Averages, from Duncan Coker

April 29, 2014 |

 Averages are interesting and ubiquitous. I use averages every day and they are a part of my trading research. However, they are often misapplied in a social context. Find the average man, for example, and he does not exist, except in films like Idiocracy (highly recommended for a laugh). Thomas Sowell has written about this when statistics refer to average wealth, income, etc. In the sense that these are real flesh and blood people, the statistics deceive. For example, if there were just two earners, one making $50,000 and one making $1,000,000, the average is $525,000, surely not reflective of the underlying population.

The market on average has an equity of premium of 6% per year and a nominal increase of around 9%, but very few years actually are near this. Just look at the last 10 years starting in 2004 for the SPY etf. (10.7, 4.83, 15.85, 5.14, -36.81, 26.37, 15.06, 1.89, 15.99, 32. 31) avg=9.1. Certainly there's nothing "average" about this decade.

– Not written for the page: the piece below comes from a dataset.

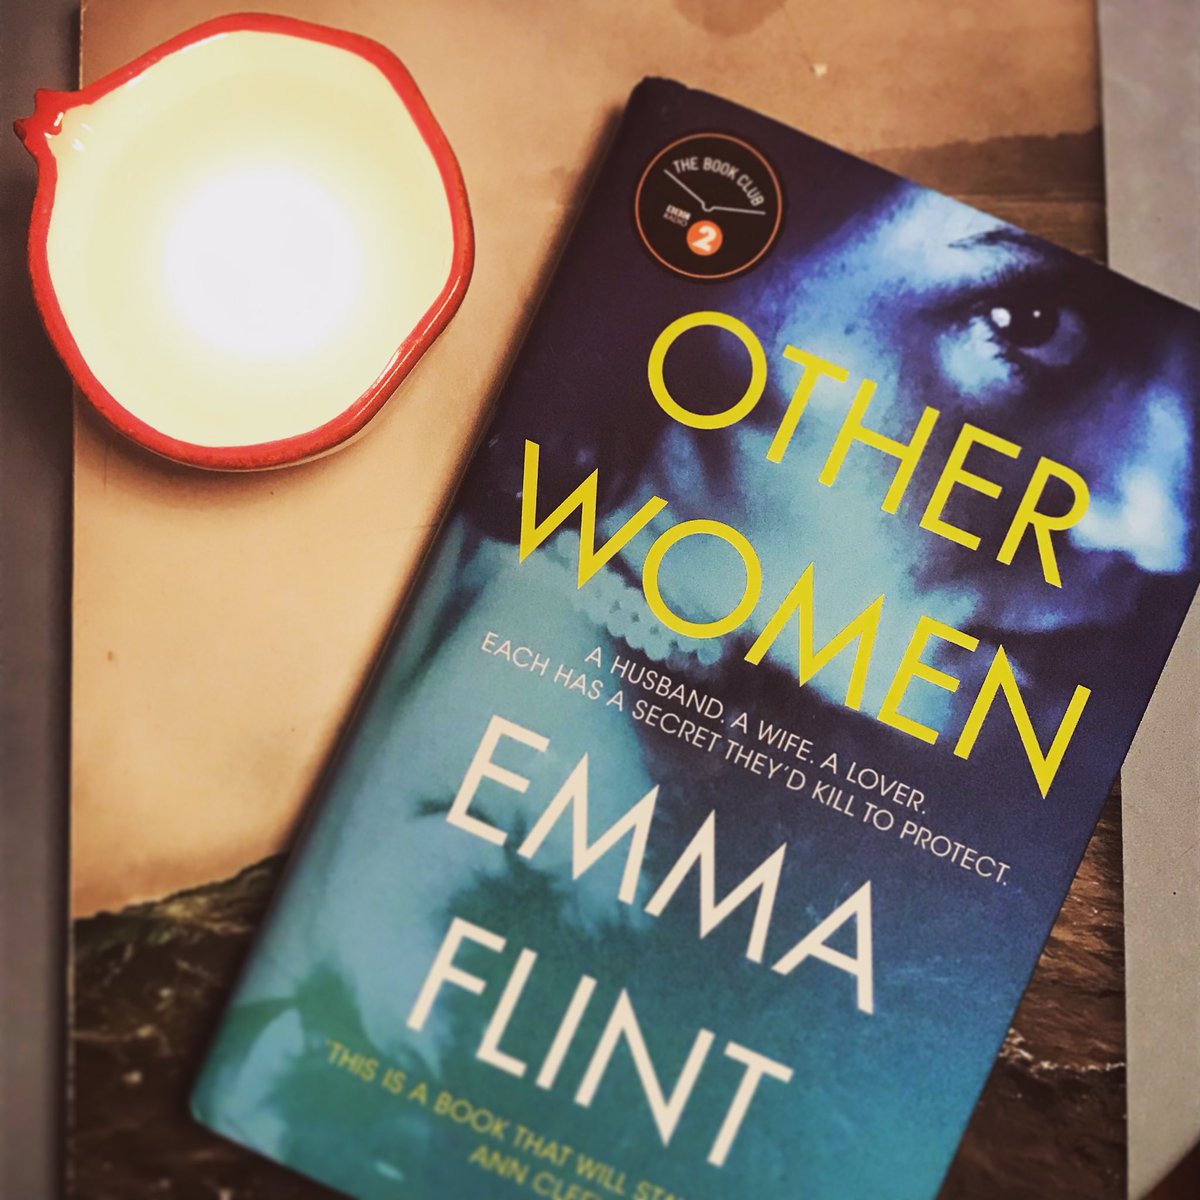 After months of keeping out of bookshops, I let myself get a few treats including #OtherWomen - a book I’ve been looking forward to for literal years!  #BookTwitter #NewBook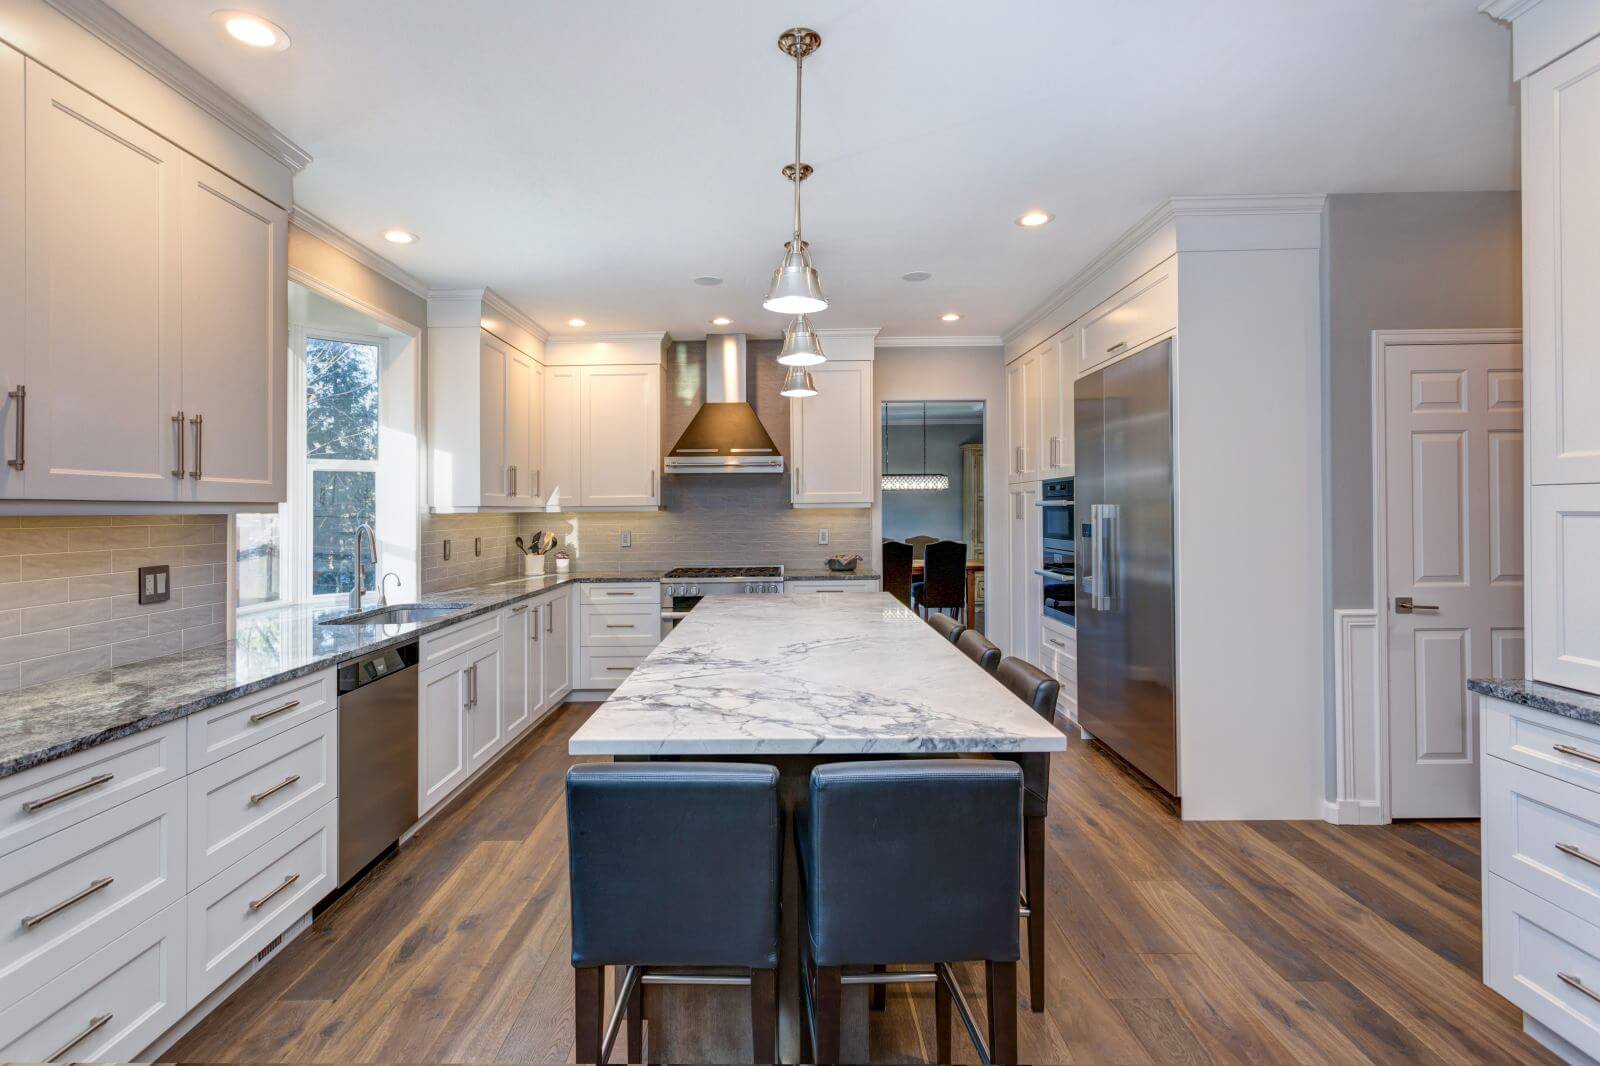 Luxury home interior boasts Beautiful black and white kitchen with custom white shaker cabinets, endless marble topped kitchen island with black leather stools over wide planked hardwood floor.

This is not news to anyone reading this site, but it is interesting to think about. In practice, in life, and as traders we live in the variation. If I can be philosophical, we live in the journey not the destination. The journey being the many deviations from what we expect might occur. The variation around the expectation, in more interesting, positive and negative extremes, and how we will deal with them when they occur. This is what defines us as individuals.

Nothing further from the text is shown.